Вклинившись плечом между двумя околобогемными девушками, разрисованными, точно маски египетских мумий, Умка выставил вперед руку с «глоком» и всадил три пули подряд в цифровой блок на внутренней двери. Девушки с визгом бросились в разные стороны – с одной из них слетел парик, и она на бегу закрыла стриженную под ежик голову ладонями.
Сзади рявкнул чей-то пистолет, но стрелок явно брал выше голов – свинец впился в стену почти под потолком. Простреленный Сергеевым блок закашлялся искрами и сизым изоляционным дымом, и Михаил обрушил весь свой вес на двери – на всякий случай, если стрельба нужного эффекта не окажет. Но замок уже разблокировался, и Сергеев, в обнимку с Викой и Маринкой, влетел вовнутрь помещения, потеряв равновесие, тяжелый и неуправляемый, как пушечное ядро.
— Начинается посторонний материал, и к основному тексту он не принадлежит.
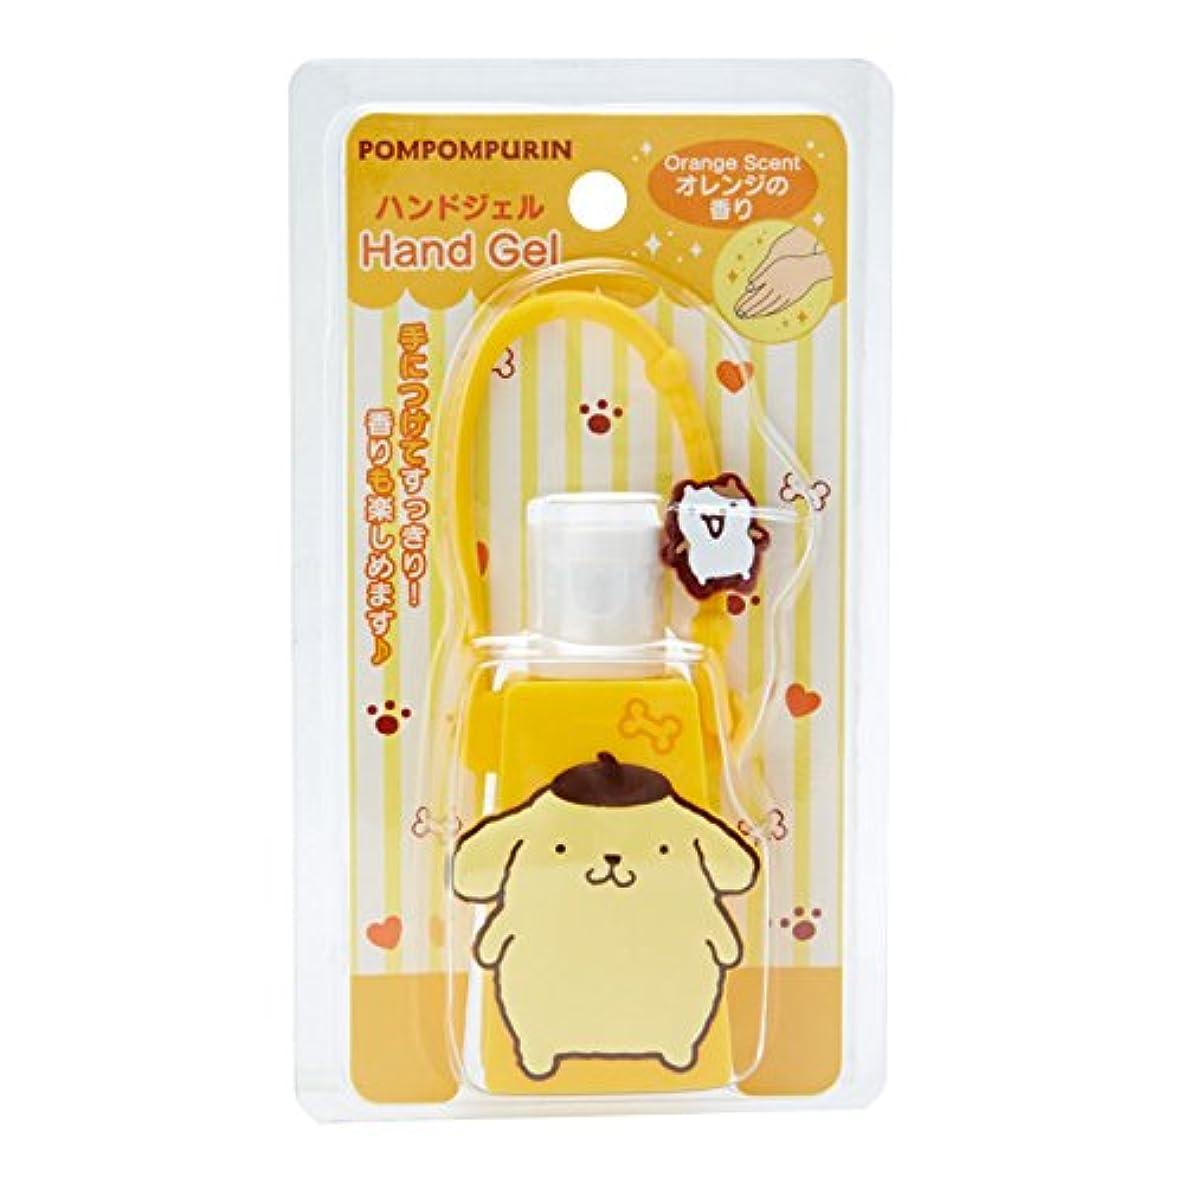 メモレキシコン履歴書ポムポムプリン 携帯ハンドジェル(オレンジの香り)

Умка, падая, успел выставить вперед локоть, который пришелся аккурат в грудину набегающему на них охраннику, вышибая из него дух, после чего обмякшее тело бодигарда послужило всем троим подушкой для приземления.
Сзади, уже совсем близко, снова грохнуло, и пуля прошла рядом с головой Михаила – дунуло горячим. Сергеев перевернулся, словно падающий с крыши кот, выкрутил тело (суставы хрустнули, но выдержали!) так, чтобы прикрывая спиной Плотникову с дочерью, увидеть противника, и, поймав на ствол стрелявшего, раздробил ему колено первой же пулей.